Step S403, three groups of encoders respectively extract the domain sharing characteristics e_c∈R^n1×m＝[e₁,e₂,...,e_n1](ii) a The source domain private characteristic and the target domain private characteristic encoder output are respectively

Where m is the dimension of the Bi-LSTM output vector,

n2＝N^s，

are the number of texts.

Step S5, domain feature fusion: and the domain sharing feature encoder extracts the sharing features of the source domain and the target domain. The domain private feature encoder can extract domain private features, and the defect that the shared feature extractor cannot extract specific domain information is overcome. In order to obtain the shared information of the source domain and the target domain and simultaneously retain more complete information of the specific domain, the information of the specific domain needs to be combined

And sharing the domain information e_cFusion is performed.

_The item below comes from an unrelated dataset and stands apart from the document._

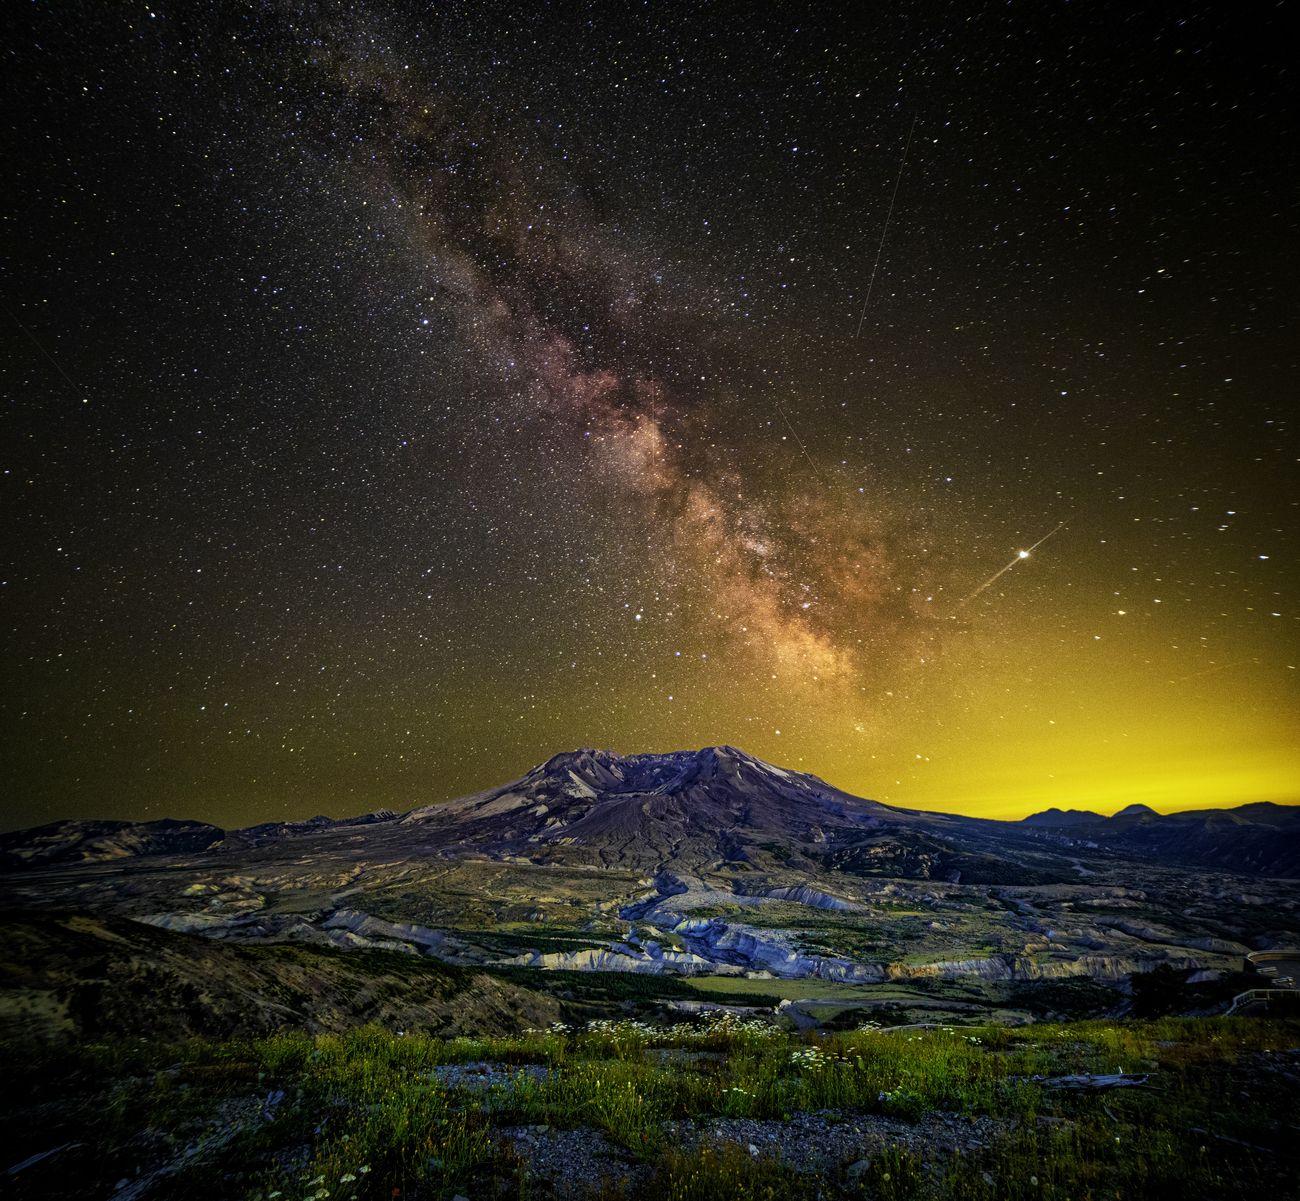 Mount St Helens in July

Step S501, matrix W_VKey matrix W_KQuery matrix W_QDot-multiply with the input vector and score the result:

wherein b belongs to { c, p }, c represents the domain sharing, and p is the domain private; < is the zoom dot product; d is a constant (usually, a word vector dimension) set to prevent an excessively large value after dot product, and usually, a dimension of an input word vector is taken;

step S502, performing Softmax normalization operation on the scores to obtain attention weight

Step S503, multiplying the attention weight point by the value vector to obtain the final source domain feature e^o(target domain characteristics):

where o e { s, t } s represents the source domain, t represents the target domain, e^oIs a feature after fusion.

Step S6, domain adaptation: source domain feature e after domain feature fusion^sAnd target domain characteristics e^tAre different, so as to e^sAnd e^tAnd performing domain adaptation. The purpose of the domain adaptation is to realize domain adaptation, so that the data distribution of the two domains converges. And performing domain self-adaptation in a feature alignment mode, namely enabling the data distribution of the source domain and the data distribution of the target domain to converge by a feature transformation method. And calculating the distance between the source domain data and the target domain data by an MK-MMD method, adding the distance into a loss function, and updating the network weight together with the tag loss to realize the domain adaptation. The MK-MMD distance formula of the source domain and the target domain is as follows:

wherein a mapping exists in a regenerated Hilbert space HPhi (-) mapping original variables into RKHS, MMD²(e^s,e^t) Is the distance between the source domain feature and the target domain feature.

And step S7, reliability classification, namely, sending the source domain characteristics and the target domain characteristics into an MLP network to output a classification result, and updating network parameters according to classification loss and field adaptation loss.

Step S701, source domain feature e after fusion of domain features^sAnd target domain characteristics e^tFeeding into an MLP:

is a prediction vector, i.e., a prediction result; MLP represents a multi-layer perceptron;

and

representing the probability of prediction; sigmoid is an activation function.

And step S702, calculating a loss function according to the classification result to update network parameters, wherein the deep migration network learns the data difference between the source field and the target field to realize field adaptation on one hand and learns the label loss on the other hand. The final objective function (the overall network loss function) is lost by the MK-MMD statistics source domain tags representing the domain differences, so the overall migration network loss function is (9):

L＝L_cls+λL_da (9)

wherein, λ is an adjusting parameter; l is_daFor field adaptation losses, i.e. MMD²(e^s,e^t)；L_clsFor label loss, including source domain label loss

And loss of target domain label

Cross-entry criterion was used in this classification task to reduce the loss function:

wherein y ∈ {0,1} is a confidence label; theta is a parameter to be optimized.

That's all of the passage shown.